Del pico montañoso al piélago proceloso bajan la duda, la angustia y el dolor humanos. Del mar al monte suben la pregunta ansiosa, la búsqueda de la luz y el deseo de encontrar a Dios.
Envuelve la niebla los cabezos de la sierra y las cabezas de los hombres. Se ven borrosas las bíblicas escenas labradas en románicos capiteles y están confusas las mentes de las gentes. Llegan al mar los residuos del petróleo y los detritus urbanos, y lo convierten todo en basurero marítimo. No se ve el sol en el cielo y no se ven sus reflejos en la mar. No se ve luz en la vida de los hombres y no asoman las sonrisas a sus labios.
De los pinos del monte salen los papeles, que debían transmitir las noticias cordiales a los nautas y a los que todavía pisan tierra firme.
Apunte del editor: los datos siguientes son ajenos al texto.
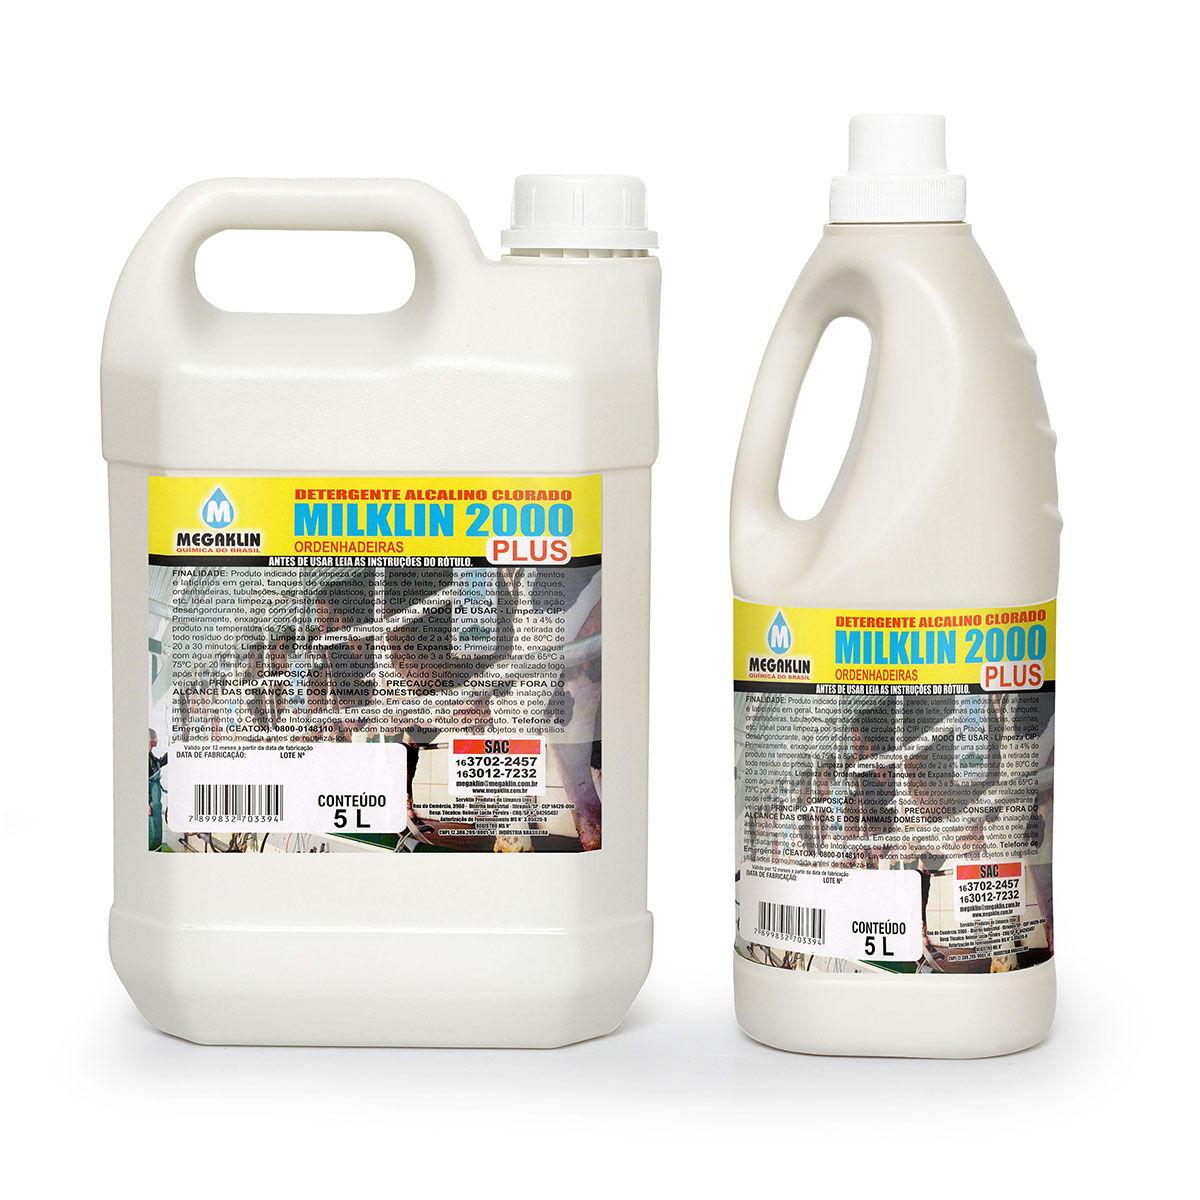 Detergente Alcalino Clorado Ordenhadeiras Milklin 2000 Plus Megaklin

Pero el papel nos agobia y nos oprime, en cárcel celulósica nos sume, con sus mandatos, lo que hemos de hacer define y poco a poco nos consume. Los papeles llegan al mar y se convierten en papel mojado. Se evaporan las aguas y se tornan nubes que derraman su lluvia por las cordilleras. Y el hombre se olvida de las aguas marinas y de nieves serranas y se va a la ciudad. Y la ciudad tiene sus plazas circulares, sentidos de giro obligatorios y circunvalaciones. Ir y venir, girar y regirar, revoltijo de gentes y confusión mental.
A mí me gustan las ideas y recuerdos que van del monte al mar y de este al monte. Monte y mar. Mar y monte.